I have something I need to confess.  I share this so that I may unburden myself, to submit my actions for your collective consideration, and ultimately, your judgment.  Here we go.

I helped my son build a beer pong table for his dorm room.

Now I’m sure you can now see why I needed to confess that.  It’s something I’ve been wearing as a yoke around my neck for the last week or so, I need some spiritual relief.

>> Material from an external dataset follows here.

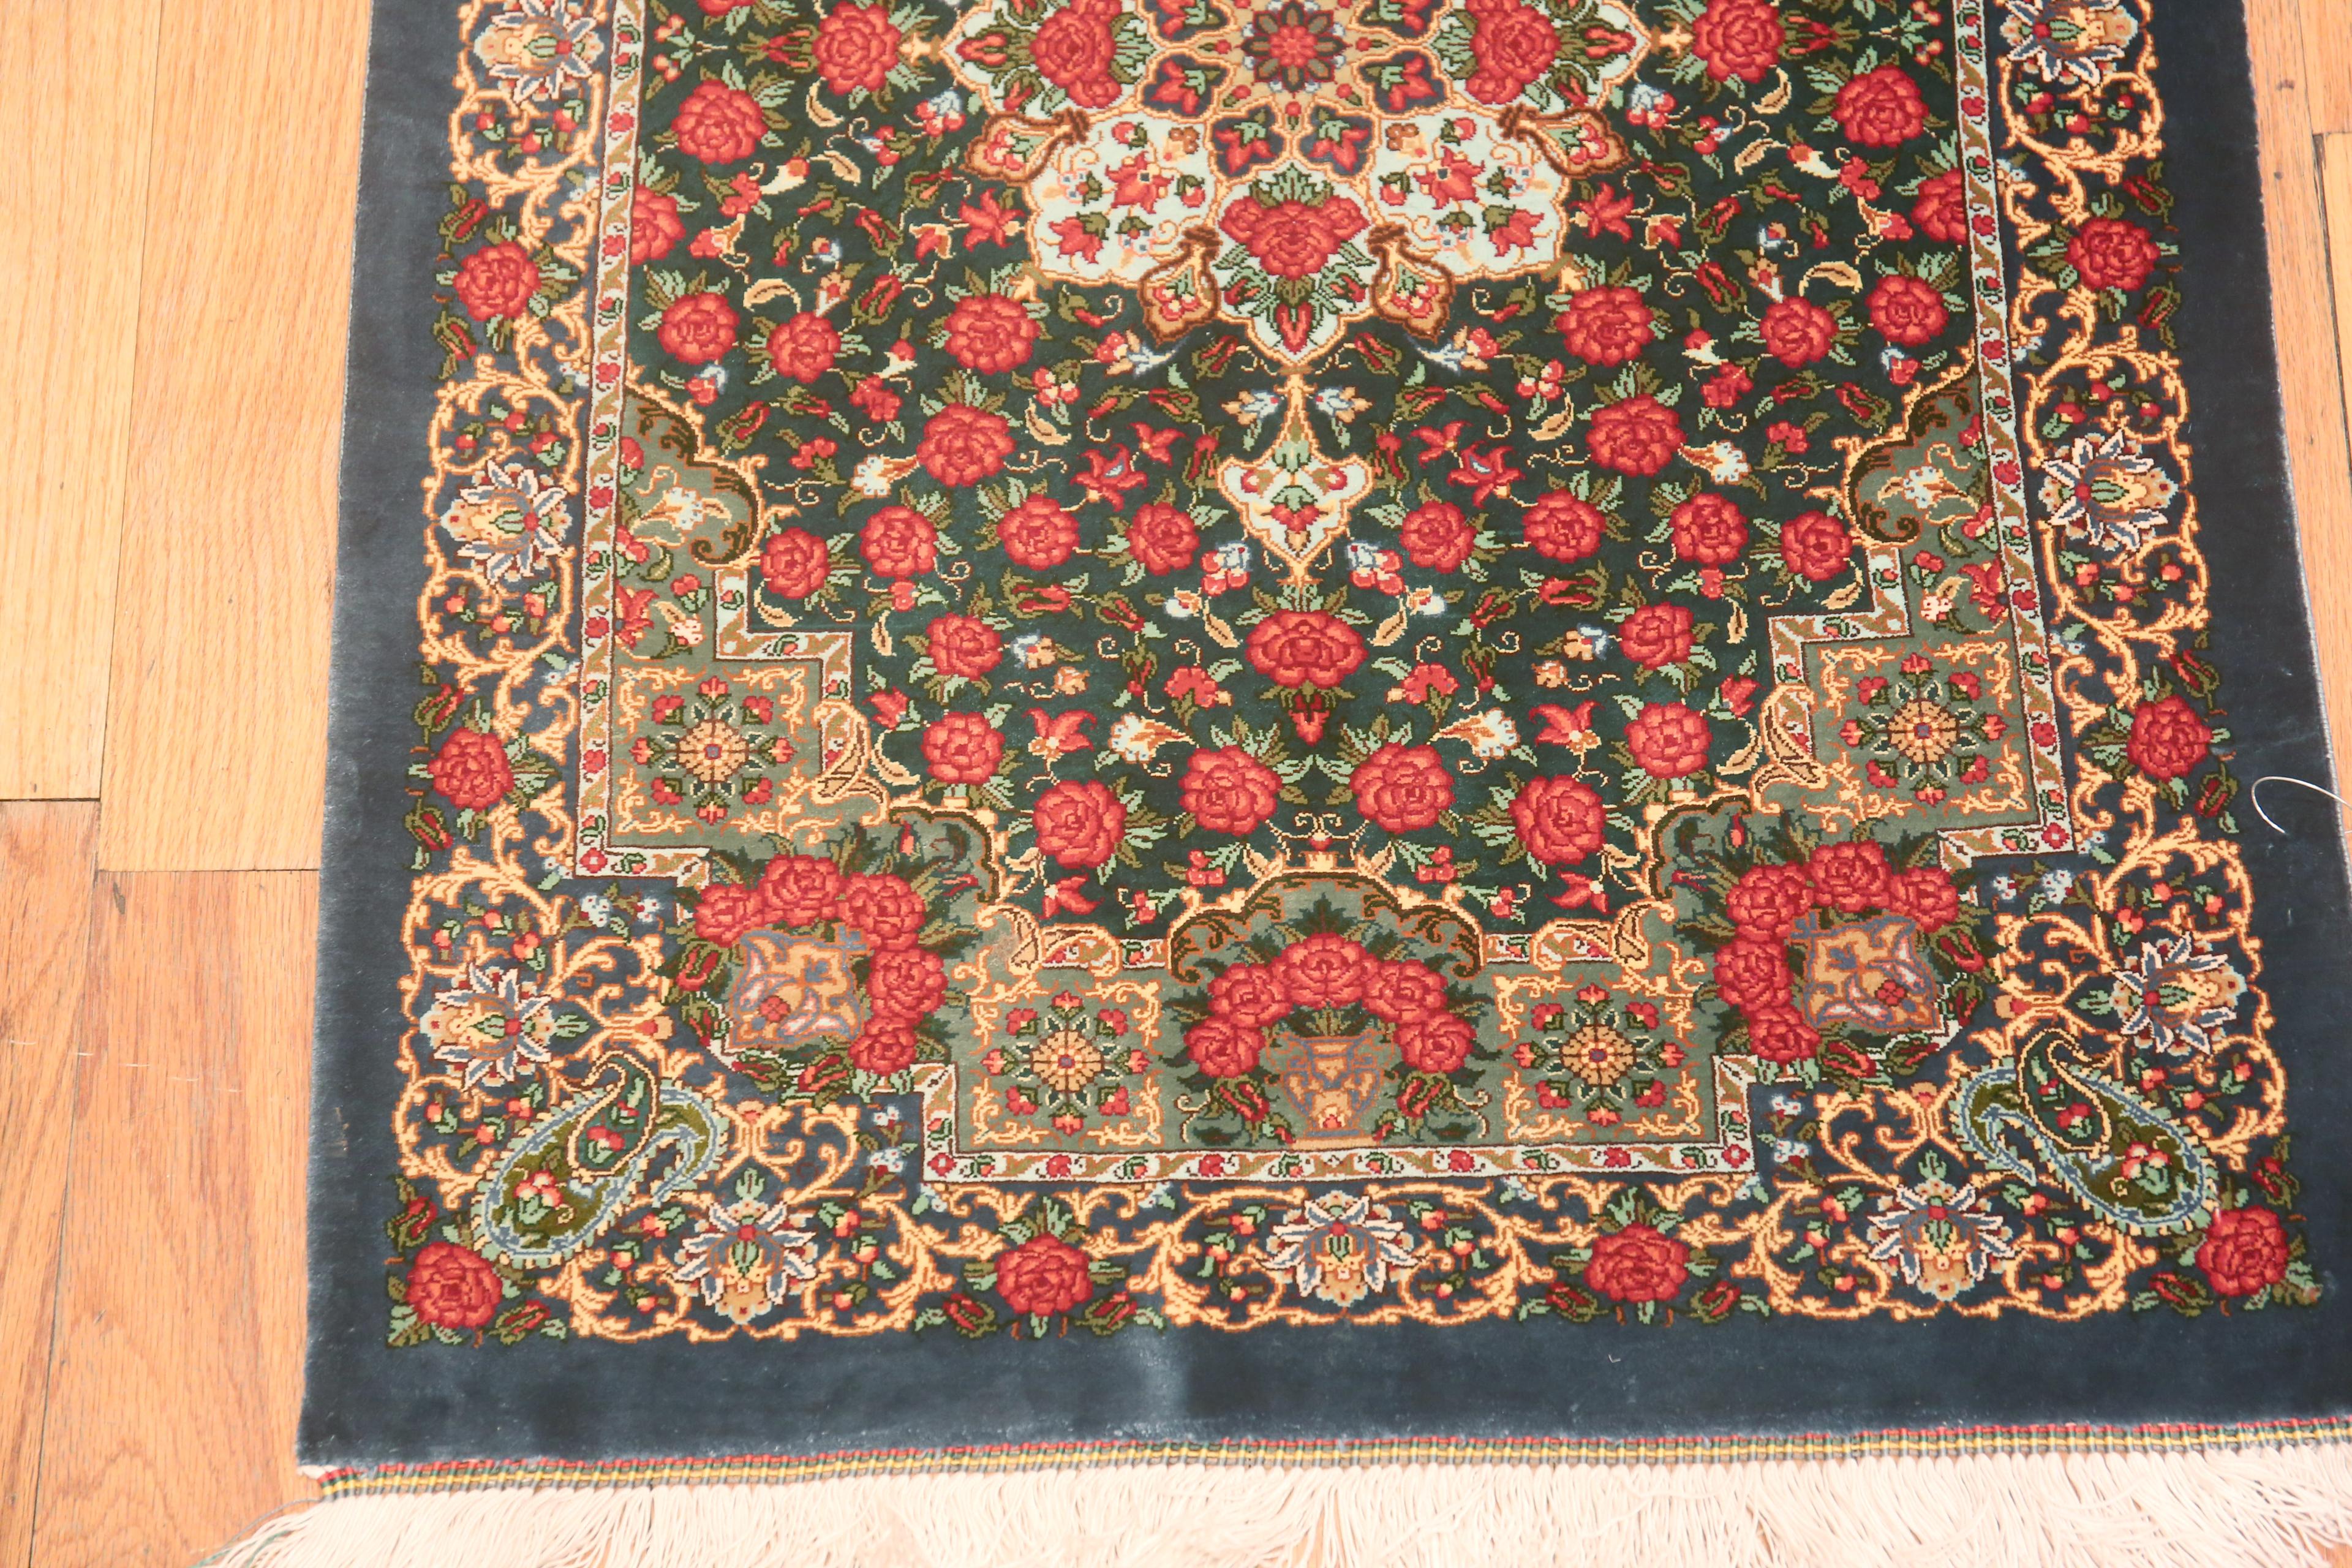 Fine Small Green Floral Vintage Persian Silk Qum Rug, country of origin: Persian Rugs, Circa date: Vintage

Beer pong, for the uninitiated, is a game frequently played by college students. It involves a pool-rack configuration – a triangle – of cups at each end of the table.  Contestants try to throw or bounce ping-pong balls into the cups, which contain various types of beverages. If your ball lands in an opponent’s cup, they must consume said beverage. All your cups are gone?  You lose. House rules vary, but that is the general idea.

You may be asking yourself, why would Rick do such a thing?  Why?!  Doesn’t he know that this is only going to encourage the kind of ill-conceived shenanigans that we warn our college kids to stay away from? Doesn’t he know what a bad example he is setting for his son, that he is providing tacit permission for his kid to carry on, to indulge in Animal House-like behaviors, ultimately at the expense of his college success?  Doesn’t he know that he has made the path to debauched excess that much easier to navigate?  Haven’t you thought of these things?  Good grief, man.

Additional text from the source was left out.